# Introducing my pup...



## stefanie_farrell (Jan 11, 2005)

Heres a link to see my new pup and his family... when I went and visited him yesterday!!!
http://uk.photos.yahoo.com/xlady_farrellx/
please ignore me... It was really hot and I was tierd lol!!!!    Just not good photos lol

Also theres a lil more description of the photo underneath it!
xxxxxx


----------



## chihuahua-lady (Apr 13, 2005)

awww no link stef


----------



## stefanie_farrell (Jan 11, 2005)

yeah lol now does it work?
x


----------



## chihuahua-lady (Apr 13, 2005)

awwww my those are soo cute i bet you are so excited


----------



## stefanie_farrell (Jan 11, 2005)

ow I really am...
I have loads more pics of him.. but am waiting to send them from my mates phone...


----------



## Kristin (Nov 12, 2004)

Your pups a cutie


----------



## stefanie_farrell (Jan 11, 2005)

Thanks...


----------



## fizzy n kirbys mum (Jan 17, 2005)

Stef , i'm so excited for you , can't wait to hear all about him when you get him ...  & hope to meet him one day


----------



## stefanie_farrell (Jan 11, 2005)

ow sara.. when his vaccanted he'll be out the door meeting everyone lol :wave: And im sure he'll be evan more excited meeting a role model like fizzy dave!!


----------



## stefanie_farrell (Jan 11, 2005)

Fizzy will teach him a trick or 2 lol
xx


----------



## stefanie_farrell (Jan 11, 2005)

chihuahua-lady said:


> awwww my those are soo cute i bet you are so excited


Vicki.. she had a chihuahua that looked the double of your tyke!!! I was like wowowow!  lol and she had such unique chis too... I will get pics of him and others next week!
xxxx


----------



## carmella chihuahua (May 16, 2005)

they are just the cutest!!!!they all look so cgorgeous,i love their lil appleheads!!!
im soo pleased!how many where there in the litter?
xxxxxx


----------



## fizzy n kirbys mum (Jan 17, 2005)

stefanie_farrell said:


> Fizzy will teach him a trick or 2 lol
> xx


 fizzy says he will help him pick 'cool' clothes too 8) :lol: :wink:


----------



## Katie (Apr 9, 2005)

aw ur puppy is so cute! all thoe chis were  did u name him yet? congrats on ur new baby!


----------



## Cooper (Jun 15, 2005)

Chihuahua overload!! They are all so cuddly ... how did you pick just one?


----------



## Rachael Polachek (Feb 19, 2005)

What incredible looking pups! You must be so thrilled and I'm really happy for you. You're pretty cute too. Congratulations! :wave:


----------



## stefanie_farrell (Jan 11, 2005)

carmella chihuahua said:


> they are just the cutest!!!!they all look so cgorgeous,i love their lil appleheads!!!
> im soo pleased!how many where there in the litter?
> xxxxxx


I know.. everyone of them had tiny apple heads that fitted in your palm... lol evan the adults! My pups bro looked the size of one of the adults :shock:


----------



## stefanie_farrell (Jan 11, 2005)

Fizzys mum said:


> stefanie_farrell said:
> 
> 
> > Fizzy will teach him a trick or 2 lol
> ...


awww lol thats soo cute.. hes has a chicago basketball top.. is that cool? :wink:


----------



## chihuahua-lady (Apr 13, 2005)

oh soooooo coool lol


----------



## stefanie_farrell (Jan 11, 2005)

i love my cheese said:


> aw ur puppy is so cute! all thoe chis were  did u name him yet? congrats on ur new baby!

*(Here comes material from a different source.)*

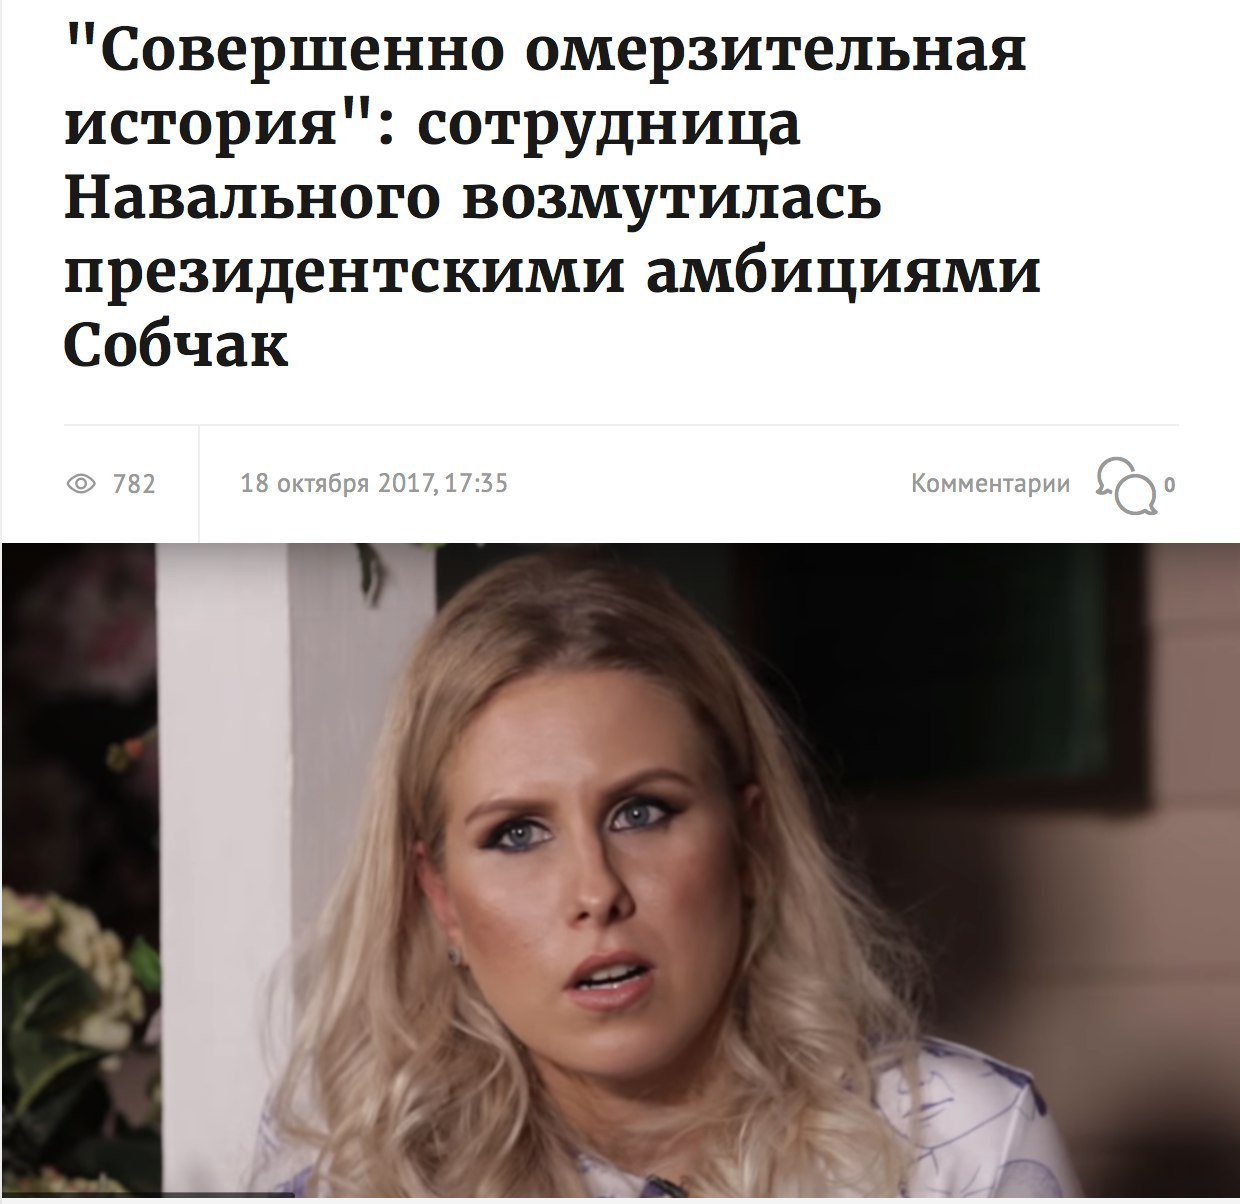 Работница Навального

Thanks... Im leaning towards Romeo.. as hes a lil ladies man lol.. loves being cuddled! But my mum and sister like Harlem (harley for short)... hmm... I like romeo (roo) for short lol


----------



## stefanie_farrell (Jan 11, 2005)

Cooper said:


> Chihuahua overload!! They are all so cuddly ... how did you pick just one?


ow I know!!!! The girls have gone but I had choice between both boys...if money wasnt an option.. we'd have bought both boys!
xxxxx


----------



## stefanie_farrell (Jan 11, 2005)

Rachael Polachek said:


> What incredible looking pups! You must be so thrilled and I'm really happy for you. You're pretty cute too. Congratulations! :wave:


  really bad day lol
But thankyou... pups were just perfect!
xxxxxxxxxxxx


----------



## xXKatXx (Dec 28, 2004)

OMG he's beautiful stef!!!


----------



## nikki&paris (May 30, 2005)

Your puppy is adorable!! I'm so excited for you. Were all of her Chi's black and tan? Such a cute Chi family!!


----------



## stefanie_farrell (Jan 11, 2005)

Thanks Kat so much  
Any news on a pup for yuo? Are ya still looking?
xx


----------



## Iamafairy (Jan 26, 2005)

Oh stef.....I feel like u found out u were having a baby ( if u were abit older ovbs!) Oh im so happy 4 ya!


----------



## Ruby's Ma (Jun 15, 2004)

AWW!!! He's SO SO beautiful  so worth the wait! And I am loving the name Romeo for him (and Roo for short)


----------



## stefanie_farrell (Jan 11, 2005)

nikki&paris said:


> Your puppy is adorable!! I'm so excited for you. Were all of her Chi's black and tan? Such a cute Chi family!!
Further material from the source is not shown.